Sunday, 17 February 2013

VISITING THE LEEDS PALS

By Brian Sanderson,

On  Friday morning I went  with my sister to Colsterdale which is about six miles from Masham.Of the main road is a sign for The Leeds Pals memorial which is a stone cairn put in place in 1935.

The Leeds Pals were army brigade made up of people  enlisting from Leeds in 1914.Among those people were Major William Booth , Roy Kiner,Abe Waddington , Arthur Dolphin and my grandfarther.At Colsterdale they practise going to war in France and lived in a tented village with some huts.There is still some brickwork were the huts were and at the bottom of the lane was a chaple which is now boarded up.

On the 21 May 1915 they marched from Ripon to Leeds as part of propaganda to recruit more soldiers.  Then they played a cricket match at Headingley on 22 May   against Yorkshire which the Pals won. Booth taikng five for fifty-one and scoring thirty-one runs. There is a picture in The Leeds Pals book with the soldiers eating in the Rugby ground.

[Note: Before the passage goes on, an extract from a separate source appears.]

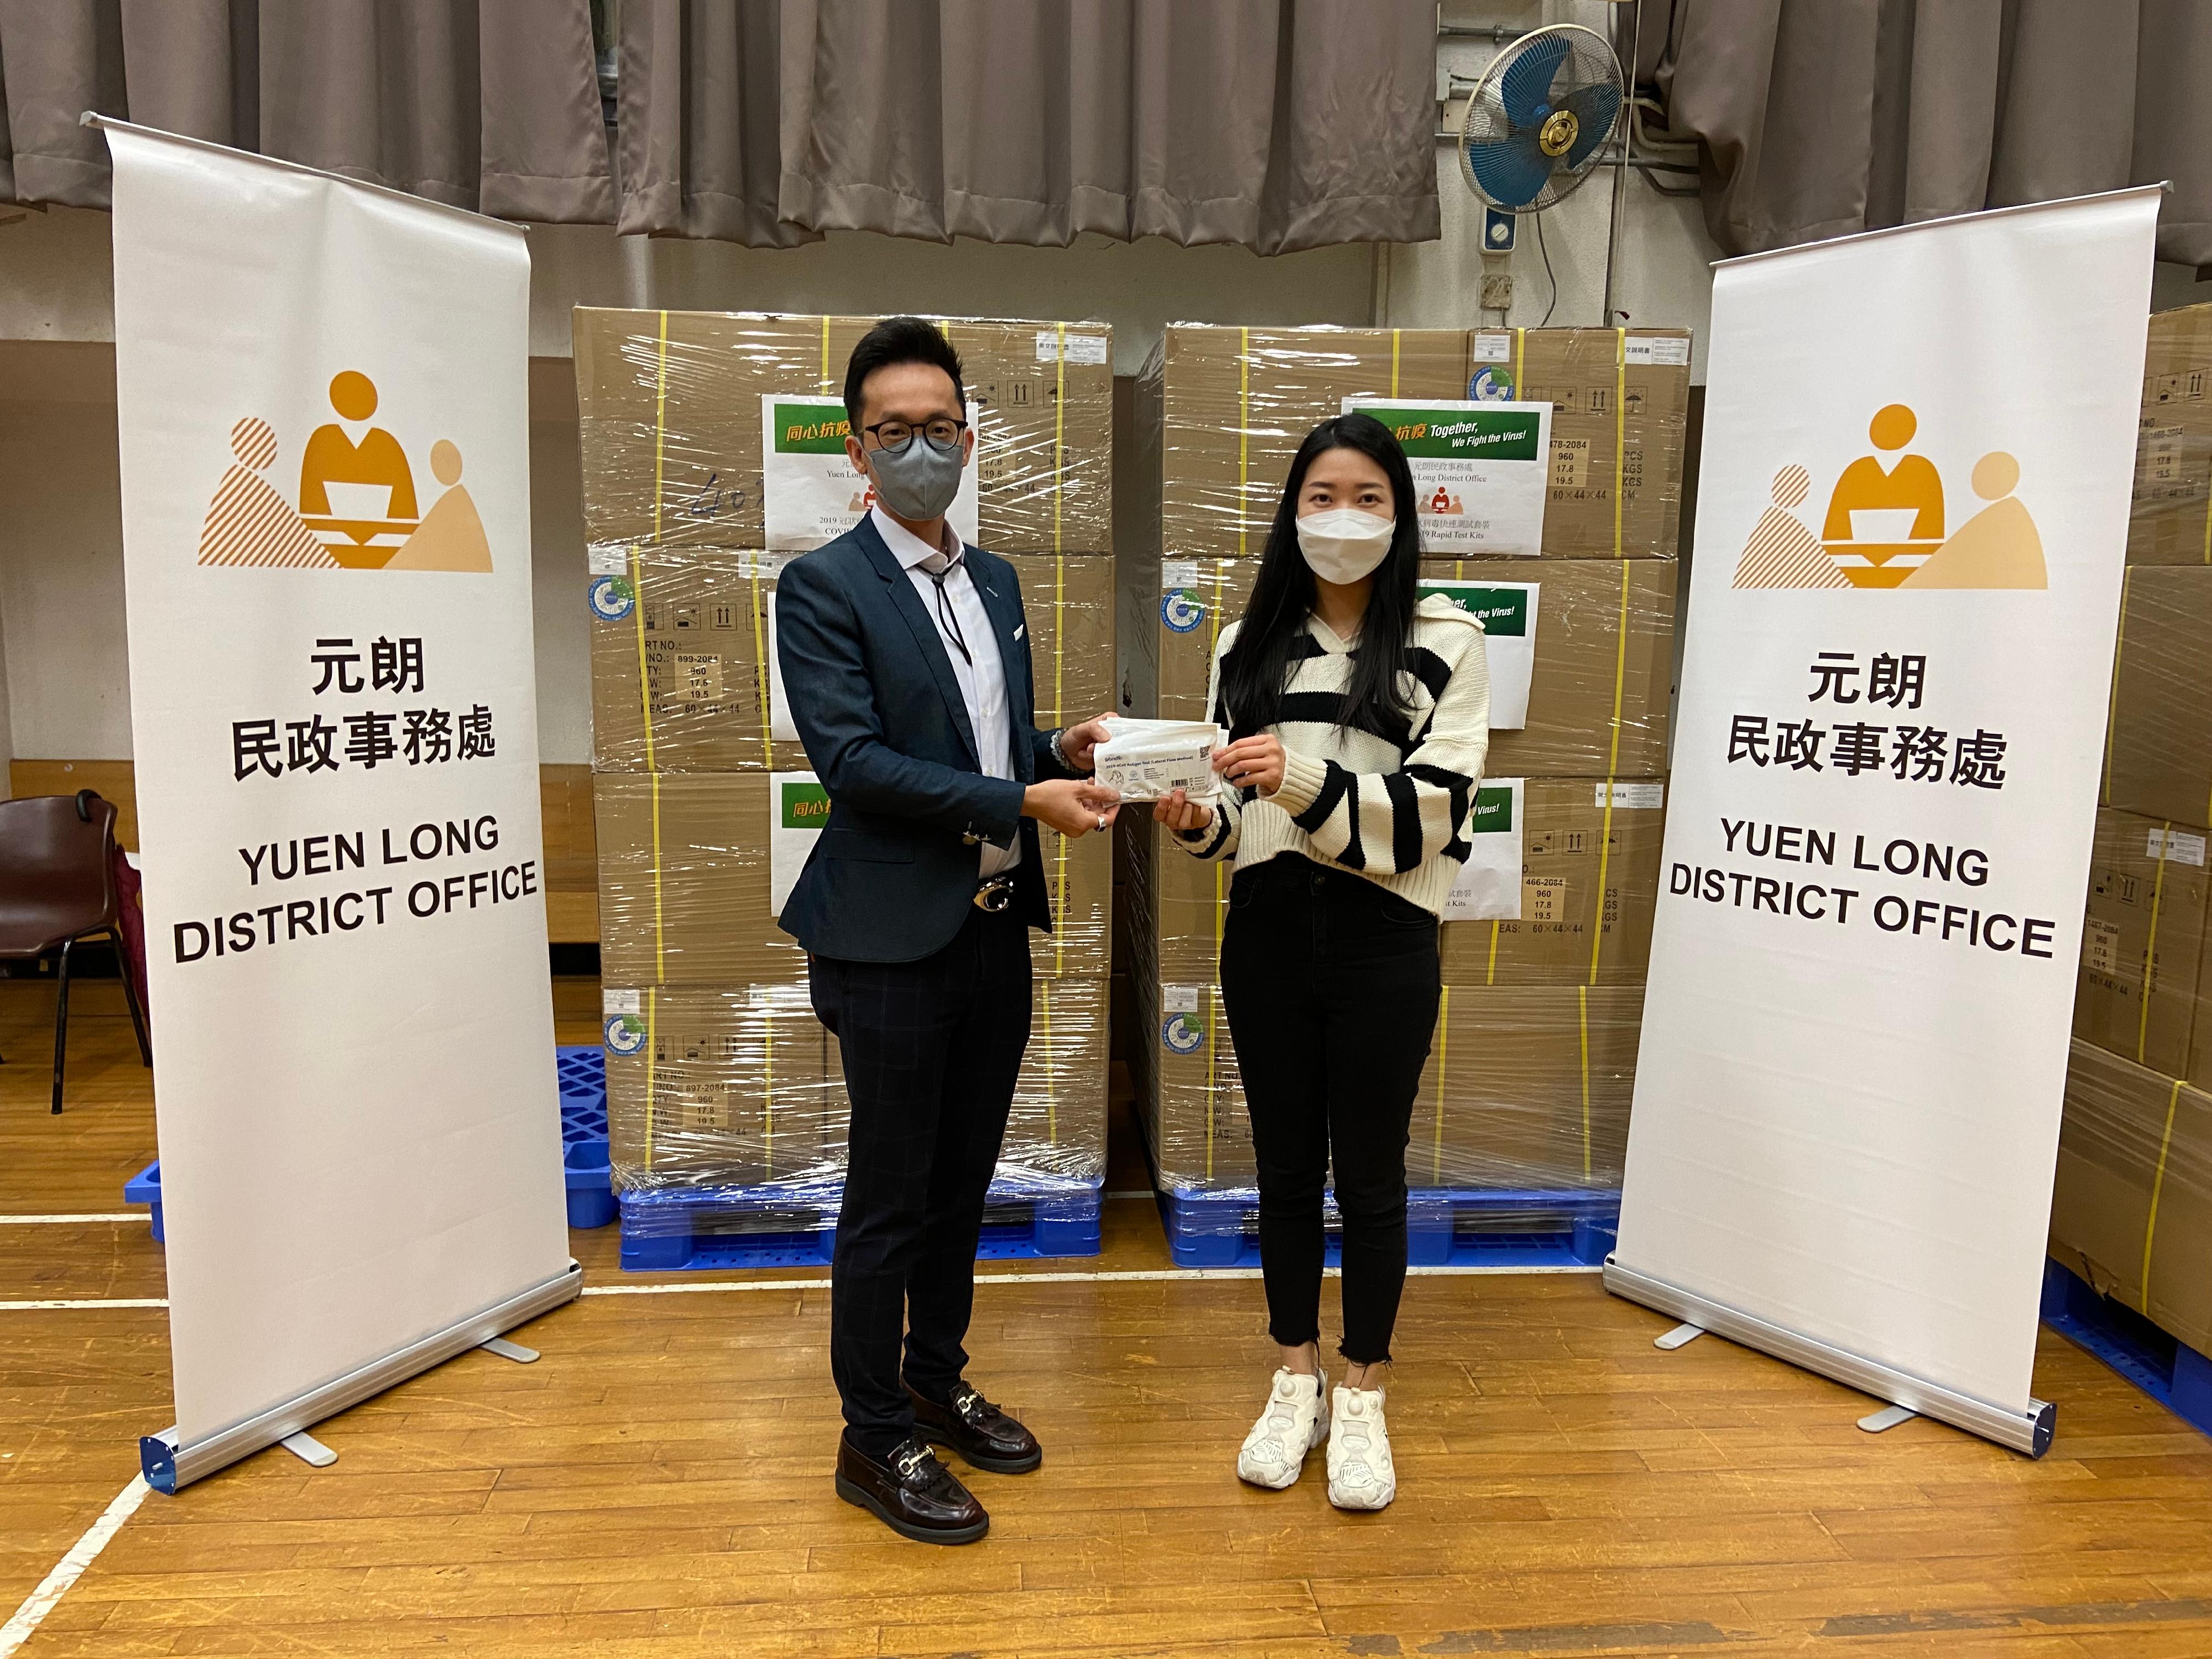 The Yuen Long District Office today (March 24) distributed COVID-19 rapid test kits to households, cleansing workers and property management staff living and working in Locwood Court of Kingswood Villas for voluntary testing through the property management company.

Booth became a second -lieutenant in the brigade.He deid on the first day of The Somme in 1916 in the arms of Abe Waddington but his body was not identified until March 1917 ,by a M.C.C. cigarette case in his pocket.He is buried in Serre Road No 1 Cemetery.He was killed by a shell exploding which caused Roy Kilner to be wounded.Booth had been the best man at Kilner,s wedding and the latter named his son after him.There 900 men in the Leeds Pals and 750 deid on the gentle stroll into the German lines.Please look at the excellent Leeds Pals web-site about these brave men.

My grand-father survived and went back to fight at Passchendaele were the causuaites numbered nearly 400,000.during that offensive.He survived the War to end all Wars and worked for theYorkshire Post.
I live in his house now so it was a visit to Colsterdale that I had to make.